Step1: Fit the baseline model M0. Step2: Fit the kth new model Mk⋆,k=1,⋯,p. Step3: Calculate the improvement screening statistics for each of the p markers. Step4: Sort the p improvement screening statistics in descending order and select the markers corresponding to the top ⌊nlogn⌋ values.

We next provide detailed discussion for four improvement screening procedures.

2.2.1 l2-norm

One may consider an approach based on the l2-norm which directly measures the overall functional effects of each marker. Define the population l2-norm of a function g(u) as:

∥g∥2≡g⋅g≡‹g,g›≡∫|g(u)|2du,

and empirical l2-norm of an estimated function gkˆ(u)=(gkˆ(u1),⋯,gkˆ(un)) as:

∥gkˆ(u)∥2=1ngkˆ(u1),⋯,gkˆ(un)gkˆ(u1),⋯,gkˆ(un)T.

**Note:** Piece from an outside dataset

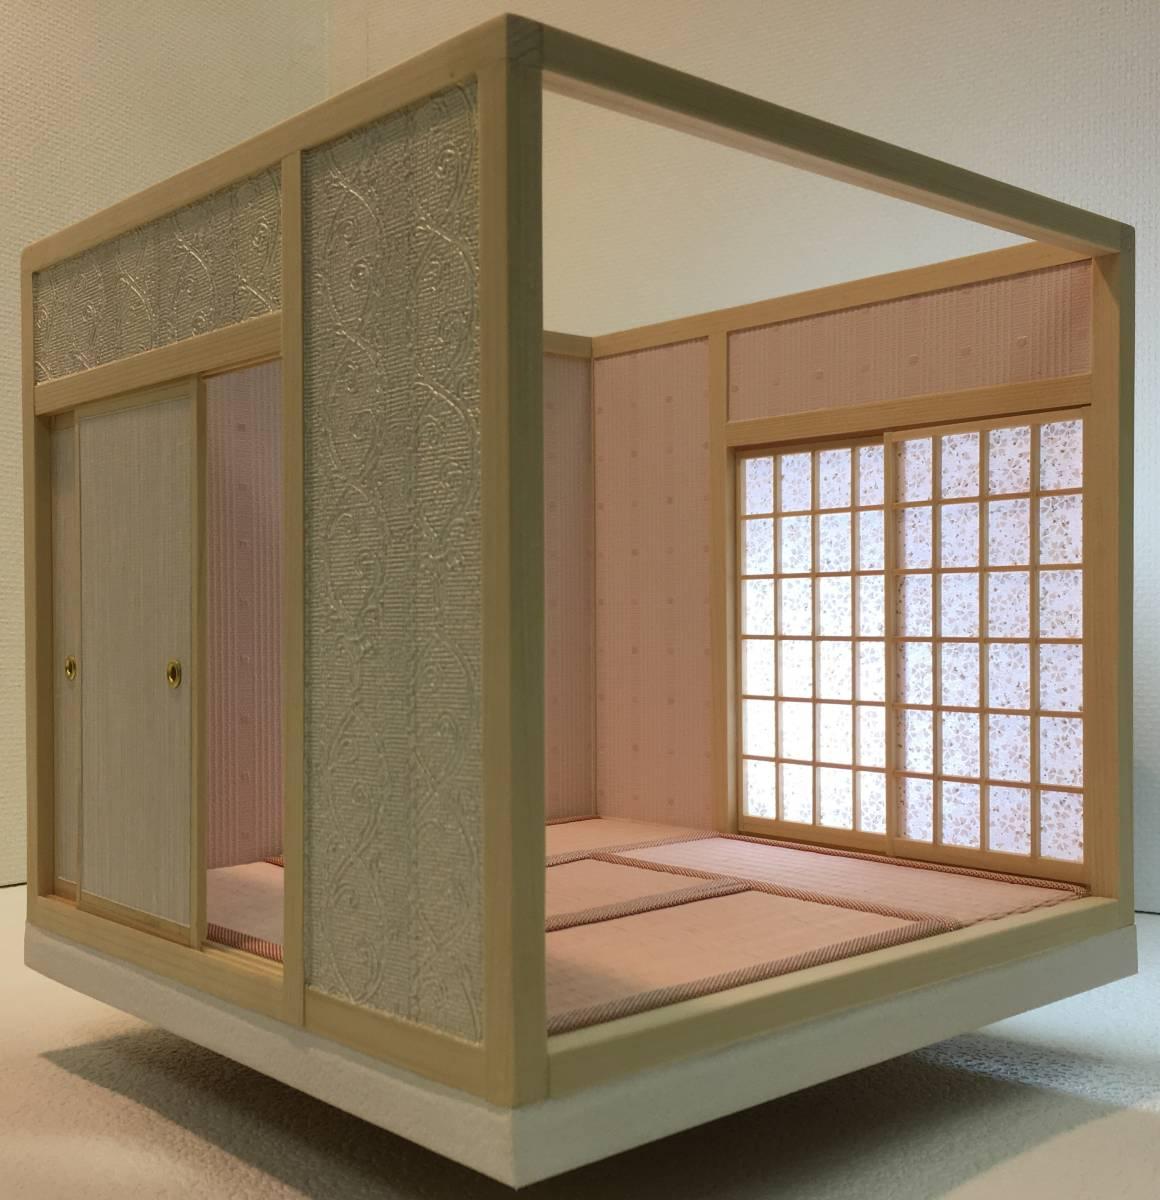 ドールハウス 和室 和風 畳部屋 1/12 サイズ ピンク ポップ桜の間。プチブライス ピコニーモ あまむす オビツ11のミニチュア人形装飾撮影等_画像2

A greater value of this measure may suggest a stronger association between the marker and failure outcome in the presence of confounder U. After sorting the l2-norms of all gkˆ(u), k=1,⋯,p, in a descending order, the corresponding top markers in the ranked list thus reflect strongest hazard contribution towards the censored failure time and improve the baseline model the most.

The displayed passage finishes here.